== Work order ==
Extract the line that contains "7. PM RASLINA - Plakat" and every line after it through the end of the records below, exactly as written, leaving out any pictures.

(Dataset records)
· · · · ·

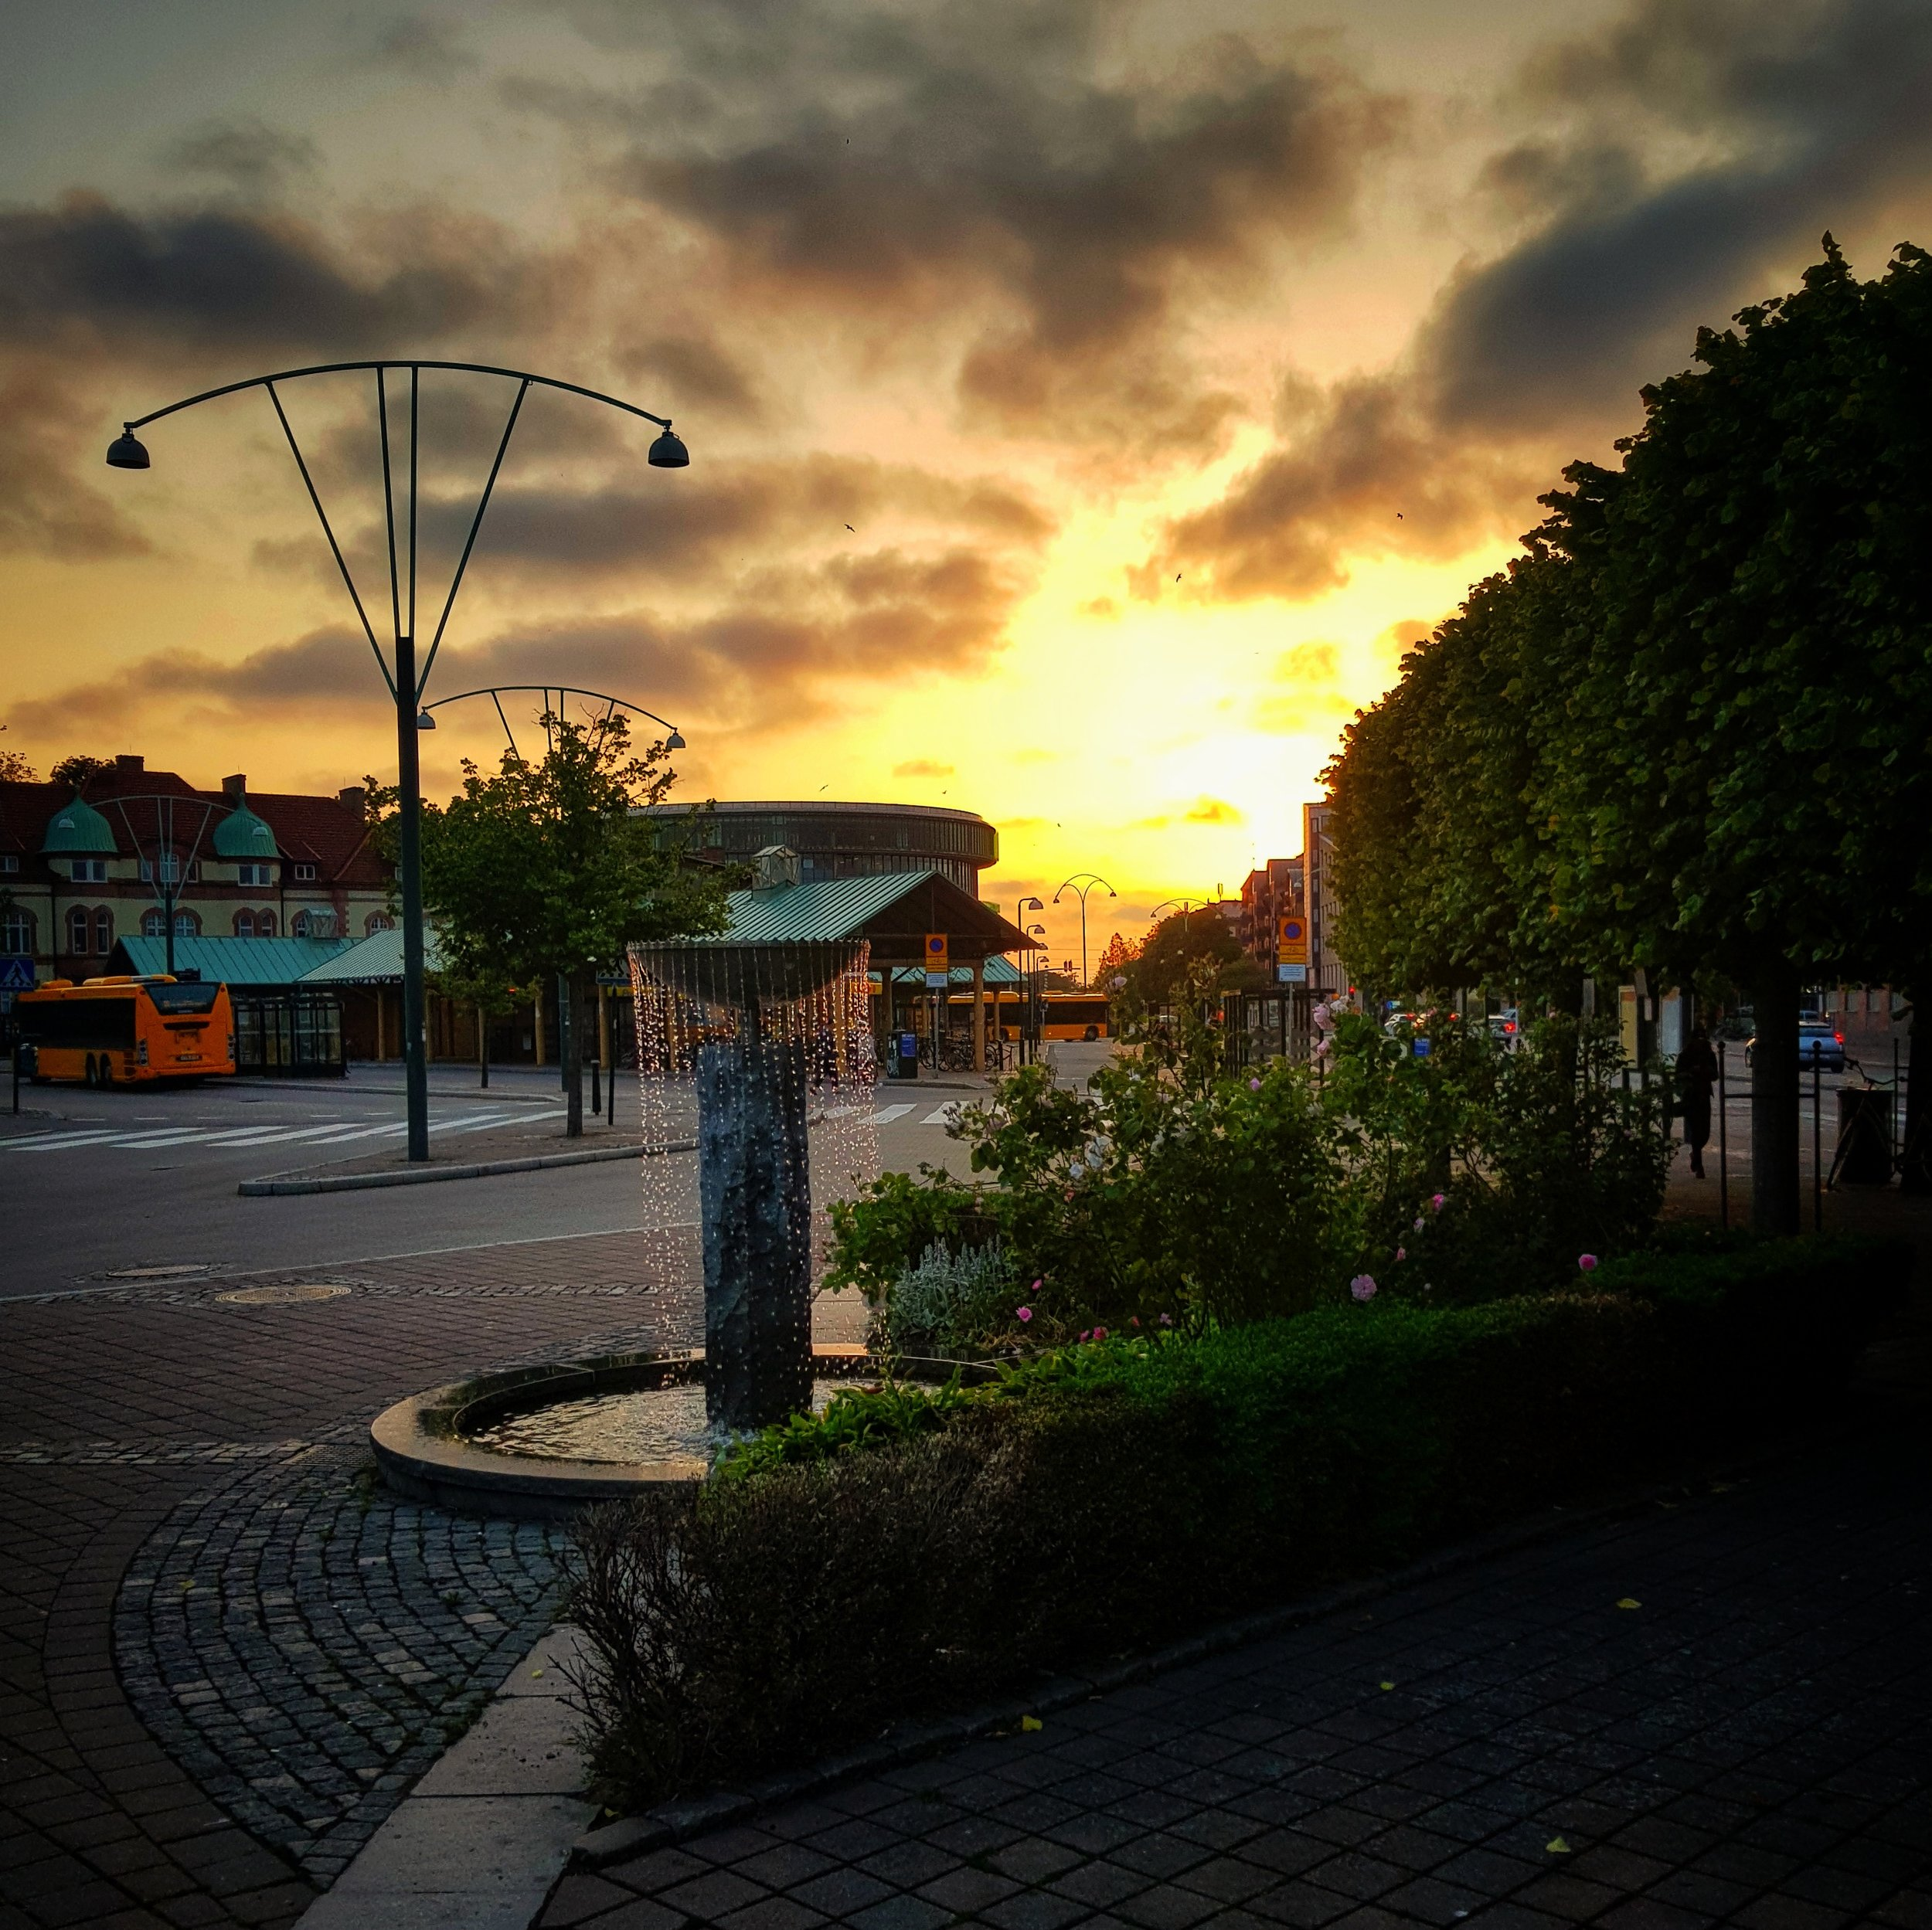 Day 166 - June 15: Technicolor Sunset
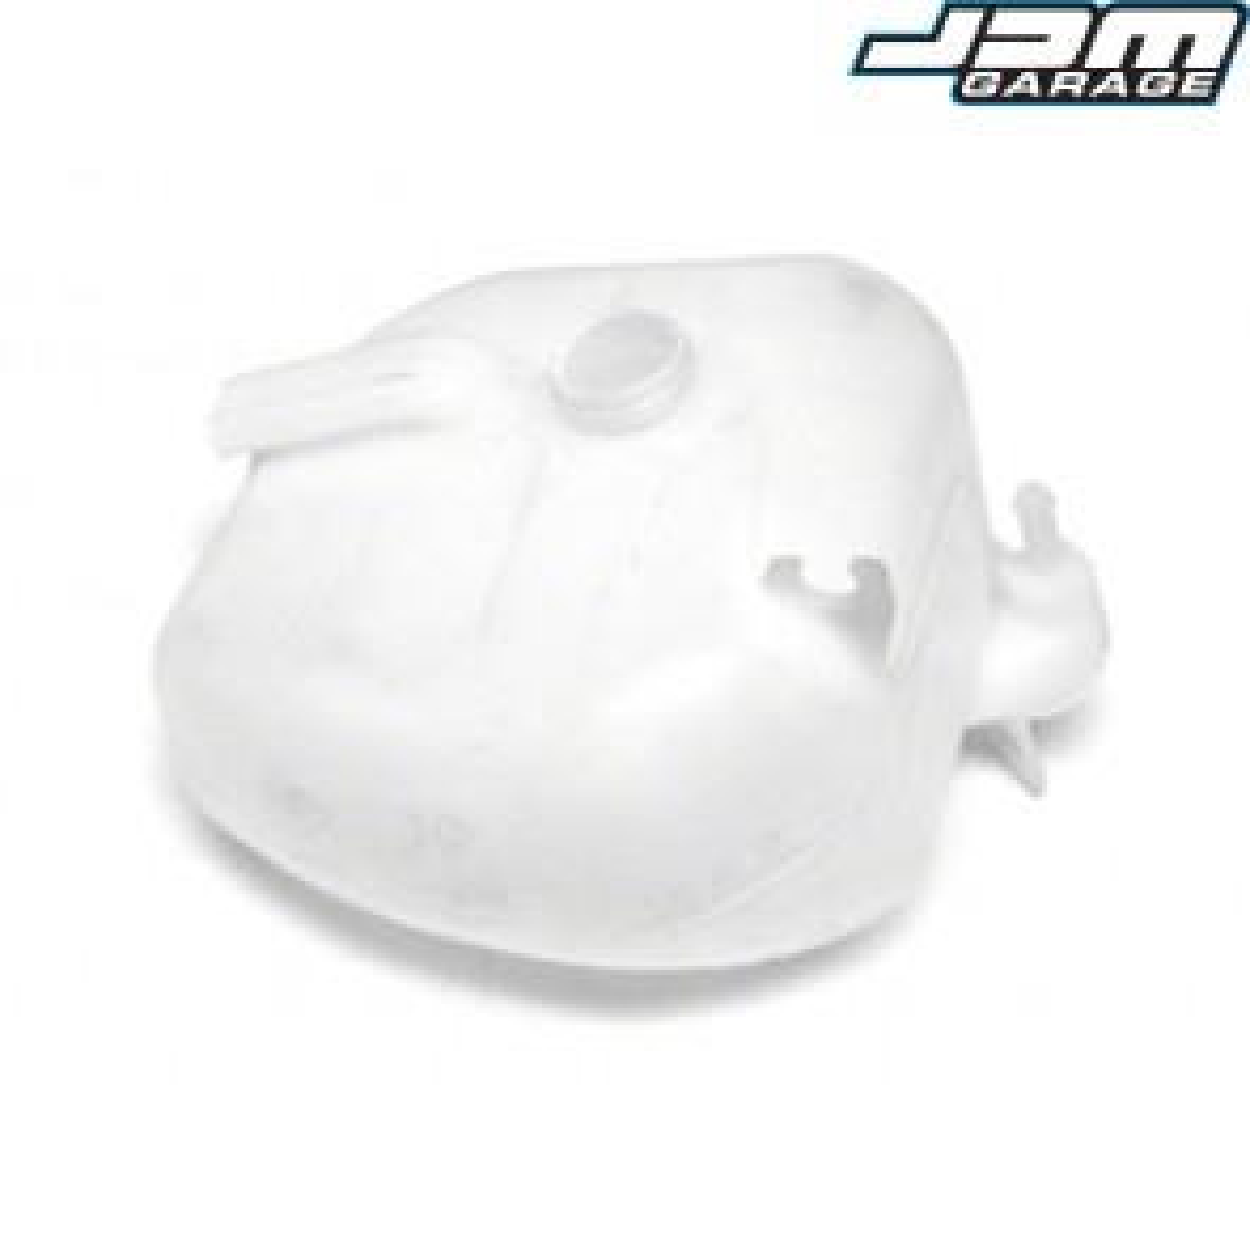 Nissan Genuine OEM Coolant Reservoir Overflow Tank 21721-35F01 S13 200SX
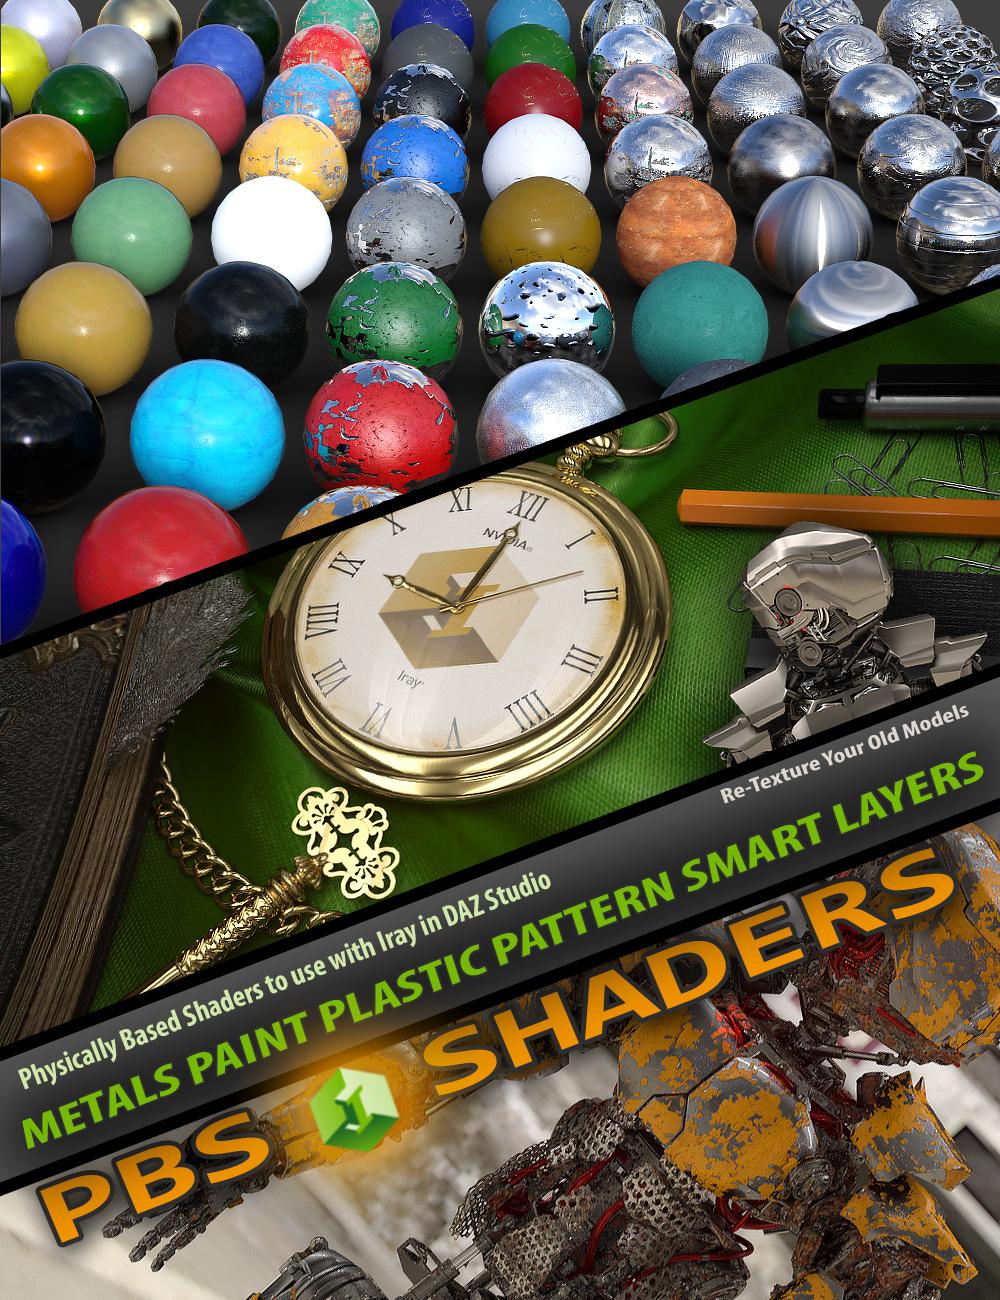 Mec4d PBS Shaders vol.1 for Iray by: Mec4D, 3D Models by Daz 3D
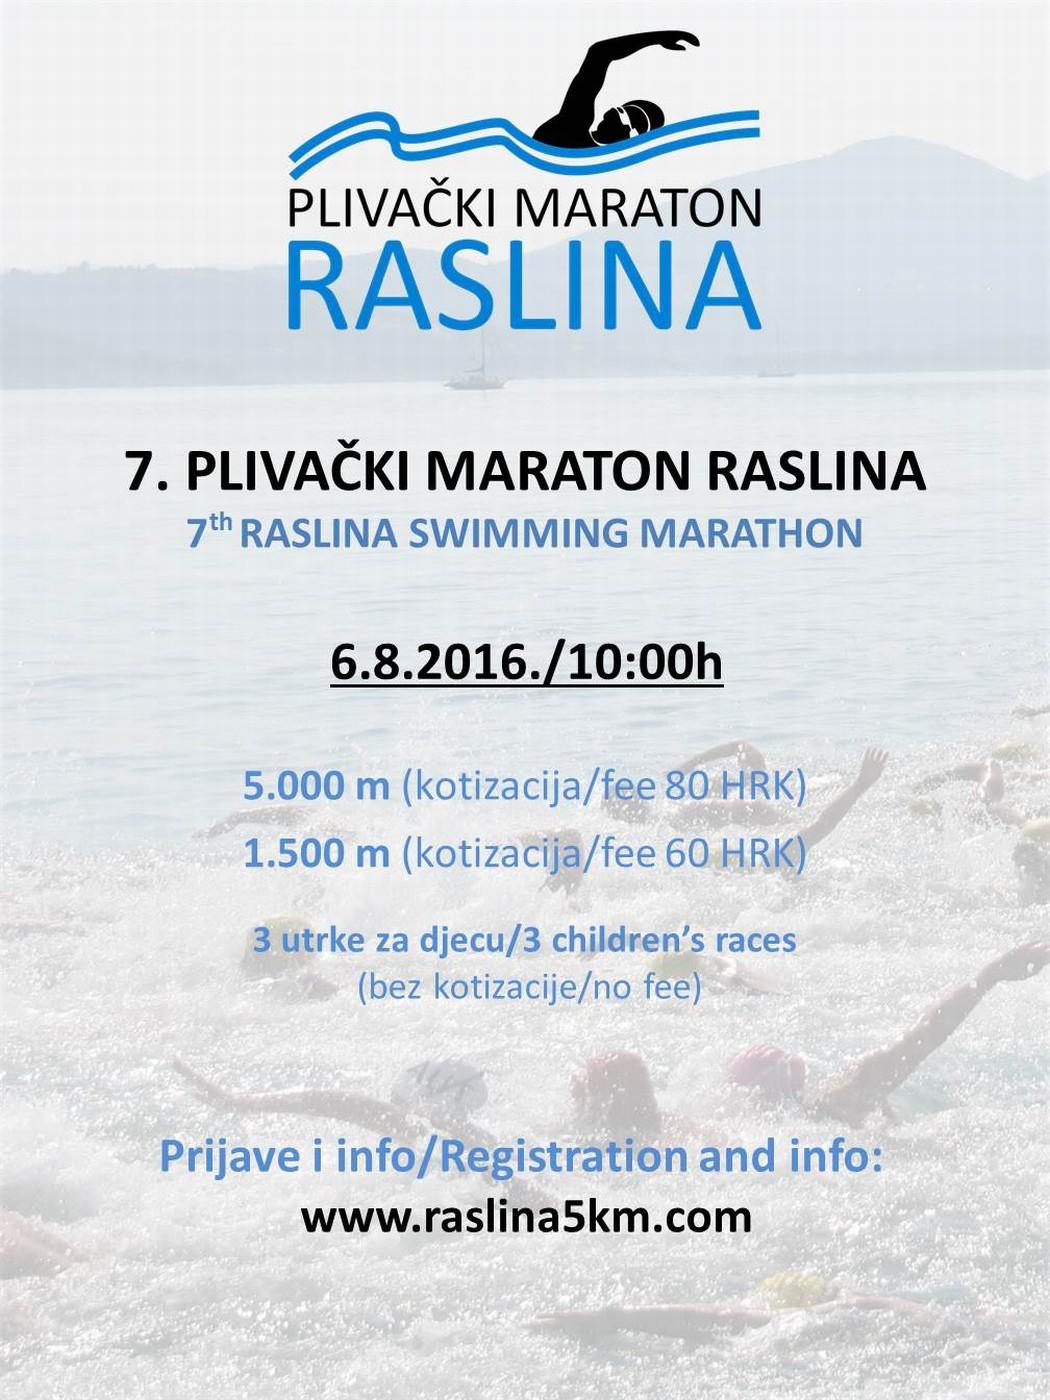 7. PM RASLINA - Plakat
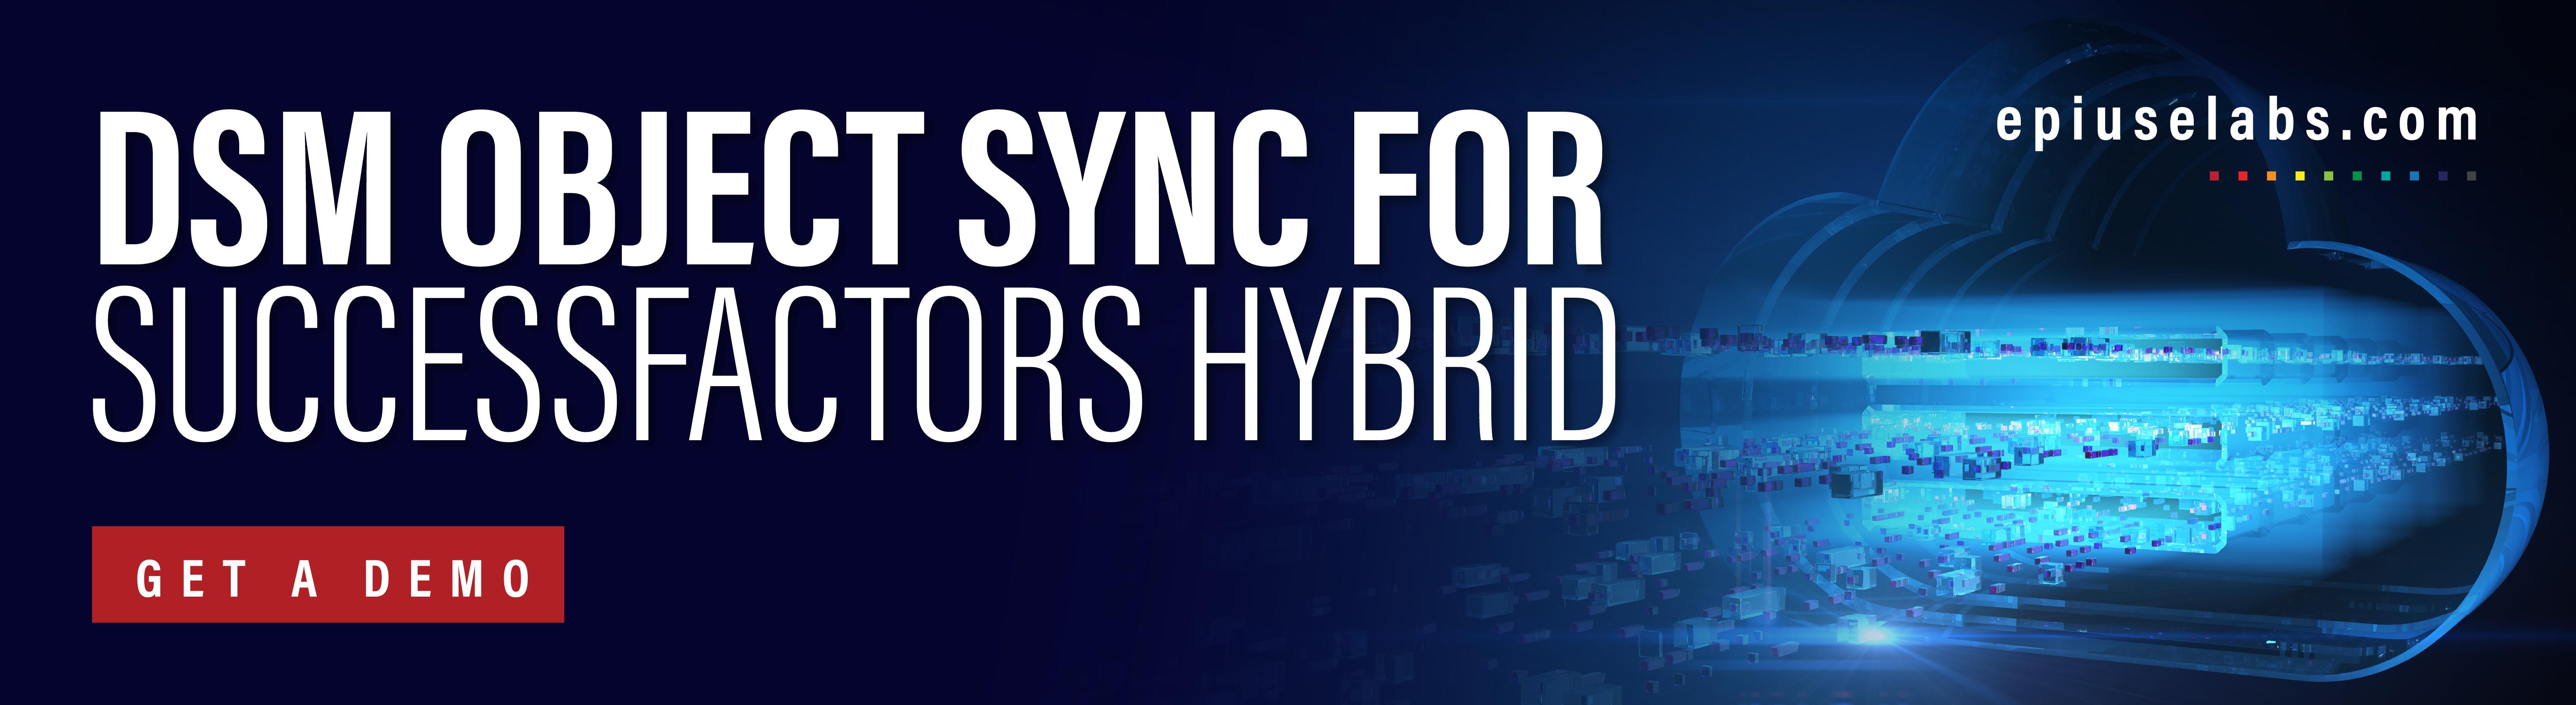 DSM Object Sync for -SuccessFactors Hybrid

· · · · ·

== Solution ==
 7. PM RASLINA - Plakat
 DSM Object Sync for -SuccessFactors Hybrid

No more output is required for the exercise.